Really easy to ride with a pillion. But not all day comfortable as I wrote above.
Could do with 10% more torque and power. But it likes to rev and has good acceleration when you give it some stick in the right gear. Just don't plan on doing any fast overtakes starting at less than 3000rpm. Bit buzzy at motorway speeds, but it is a parallel twin.
Measured fuel economy is 55 mpg (imperial gallons).
Equipment is 8 years out of date. Halogen headlights (one low, one high) not LED. Single bulb brake light. Analog speedometer which is hard to read. No linked brakes. Changing the headlight bulb is a disaster area; very easy to break a small plastic clip which will have you spending the next 2 hours taking the front of the bike apart. The top box is stupid small. Even though my bike came with one, I ditched it and bought a larger aftermarket box. Alternator seems to put out enough amps. I run a heated jacket in winter, aux LED lights, heated grips (these are standard) and a GPS. It has ESA but I struggle to feel the difference. It also has Rain/Road/Dynamic throttle maps. I use Dynamic all the time, except on that week when it was snowing and I put it on Road. Haven't tried Rain but it must be silly if you can use Road when it is snowing...
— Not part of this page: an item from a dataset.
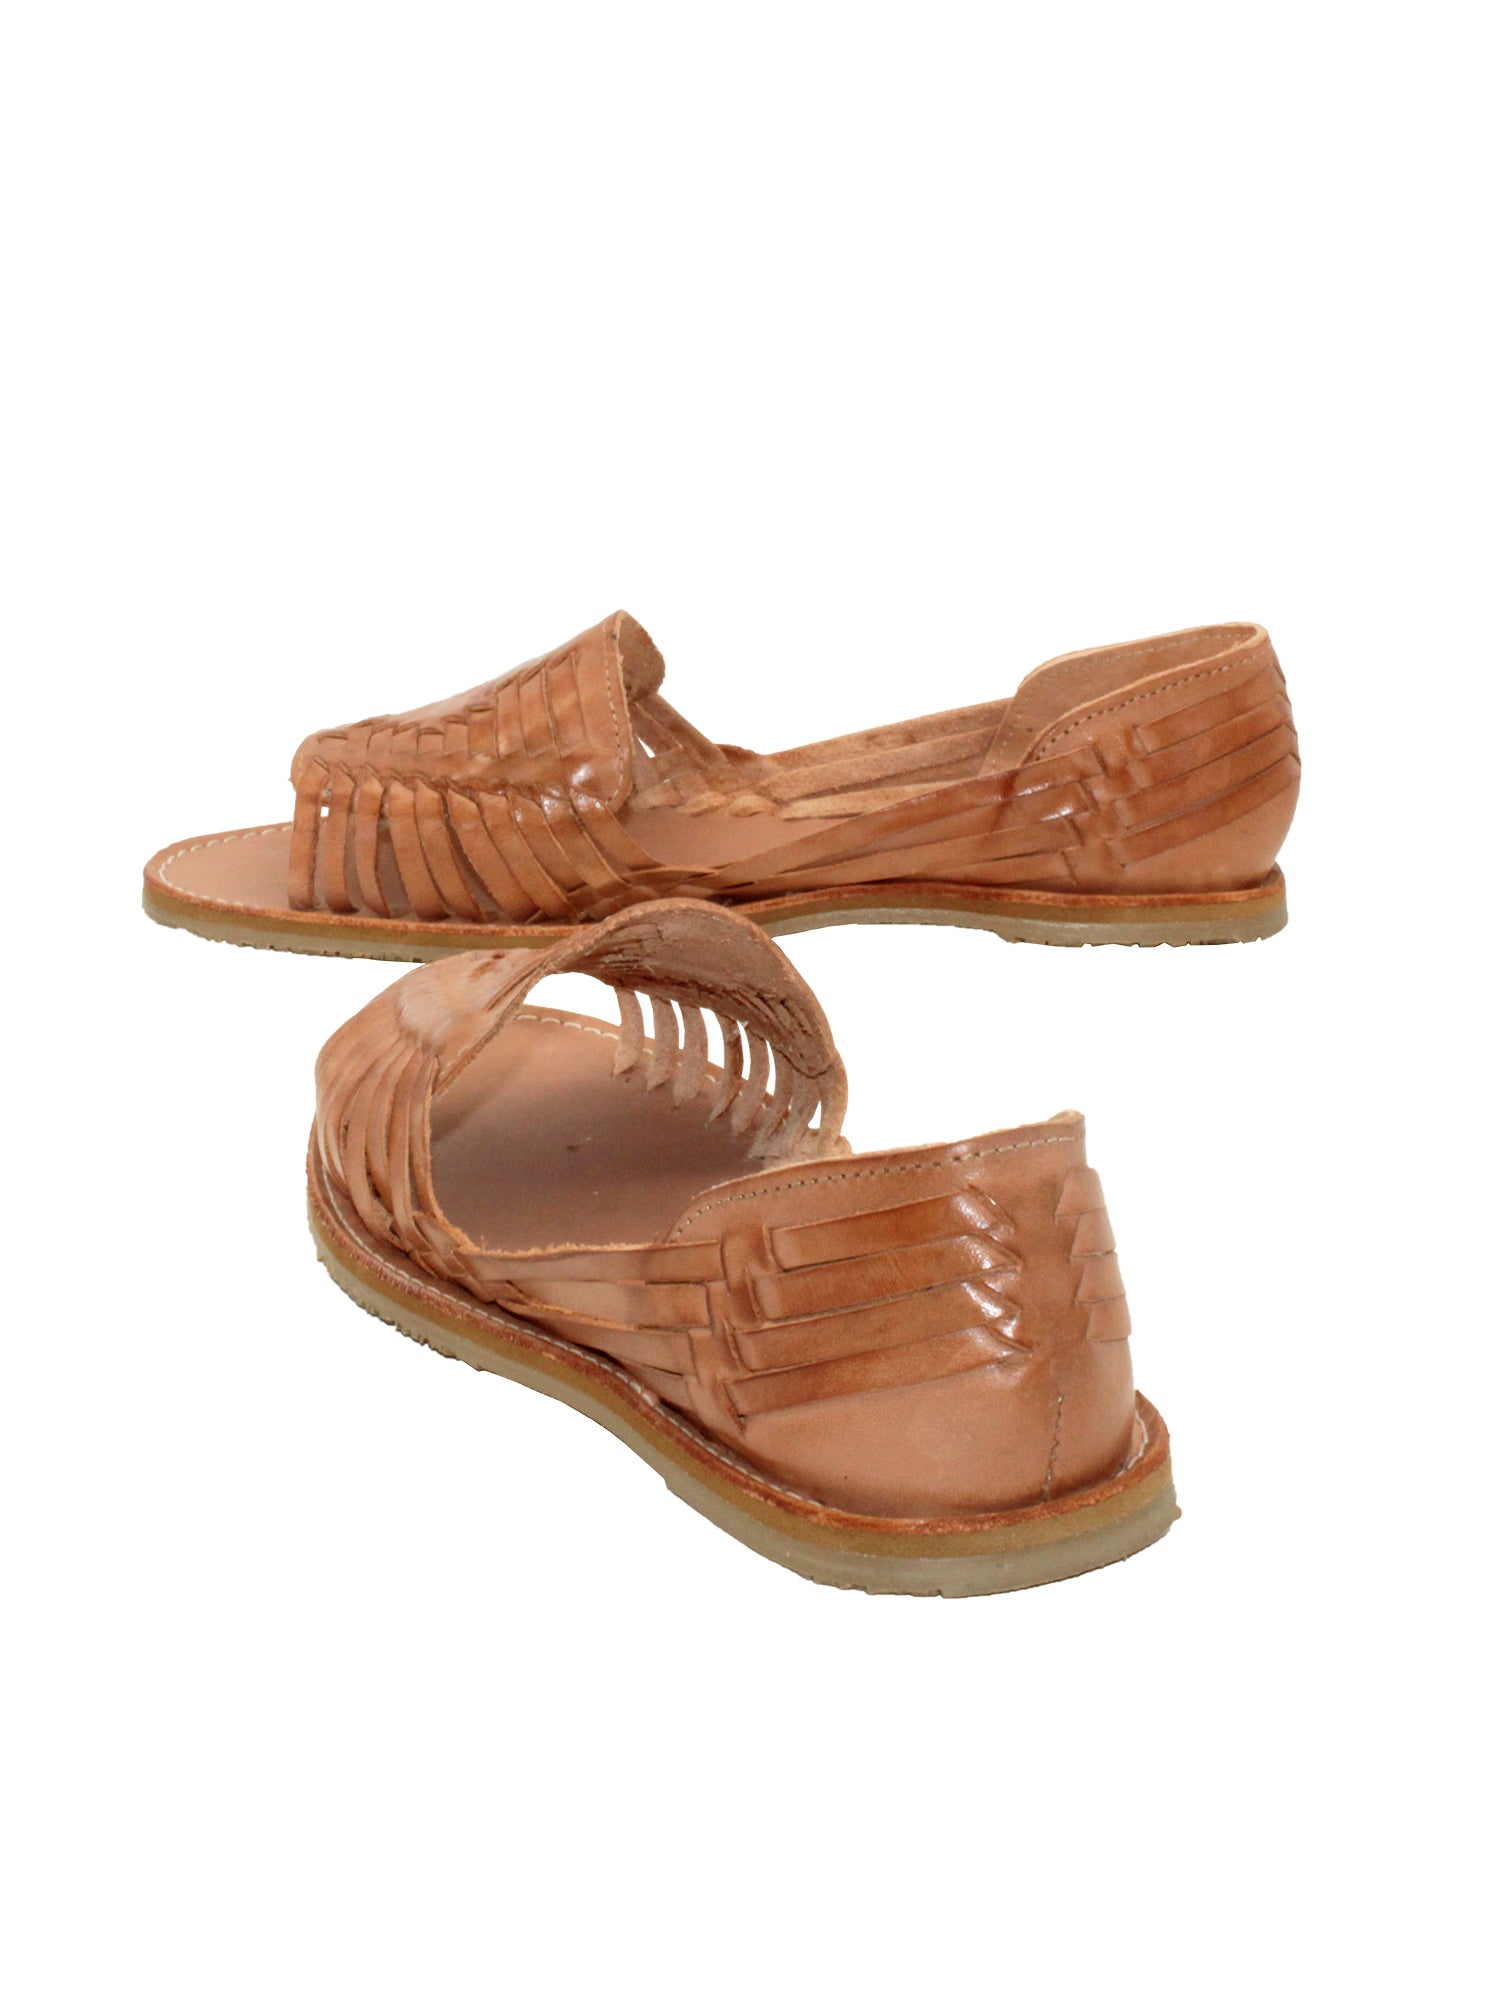 Naturalizer Huarache Sandals “Westerly” in Fiesta Size 9.5 M Open Toe  Slingback | eBay

Buying experience: Really easy to buy, but what isn't when you are chucking cash at someone! Bought from dealer paid near asking price but got a few parts thrown in plus cross-country delivery.
This is a very competent and slick bike and deserves top marks but I do have several cosmetic comments. As an old school rider, I don't like the engine reduced to the invisible role of "power unit" hidden behind acres of tupperware. The engine could be a design statement like the beating heart of a Black Shadow timing cover; the Swiss watch detail and precision of a 900ss or the beautiful sensual sweep of the headers on a CB400 four. The bike is labelled a GT but is a relatively small bike with a firm to hard seat. Even with hard luggage it is more sport tourer than grand tourer. Style wise the design trend and profile is very generic. The silhouette could be from any manufacturer. Ass in the air, rear end you could fly a jumbo jet between the rear tyre and the tail section, yet there is no MX style rear shock travel to warrant all this fresh air. Oh how bikers and journos laughed in 1971 when MZ brought out the ambitiously named ETS 250 Trophy Sport (19bhp) which had a rediculously shaped camel hump tank. Fast forward 40 years and rediculously camel humped false tank of F800gt is an industry standard profile, uncomfortable and ugly.I love the belt drive. I was looking for a mid range shaftie but there aren't any, apart from Guzzi V7/V9. The Guzzis are nearly 50% down on BHP compared with the F800 and a bit lardy. I'm surprised that the 21st century has not produced much alternative to a chain final drive. The chain drive is not so far removed from riveting bits of leather together like they did 100 years ago. At least BMW give you the belt on these models or a shaft drive on their real touring metal.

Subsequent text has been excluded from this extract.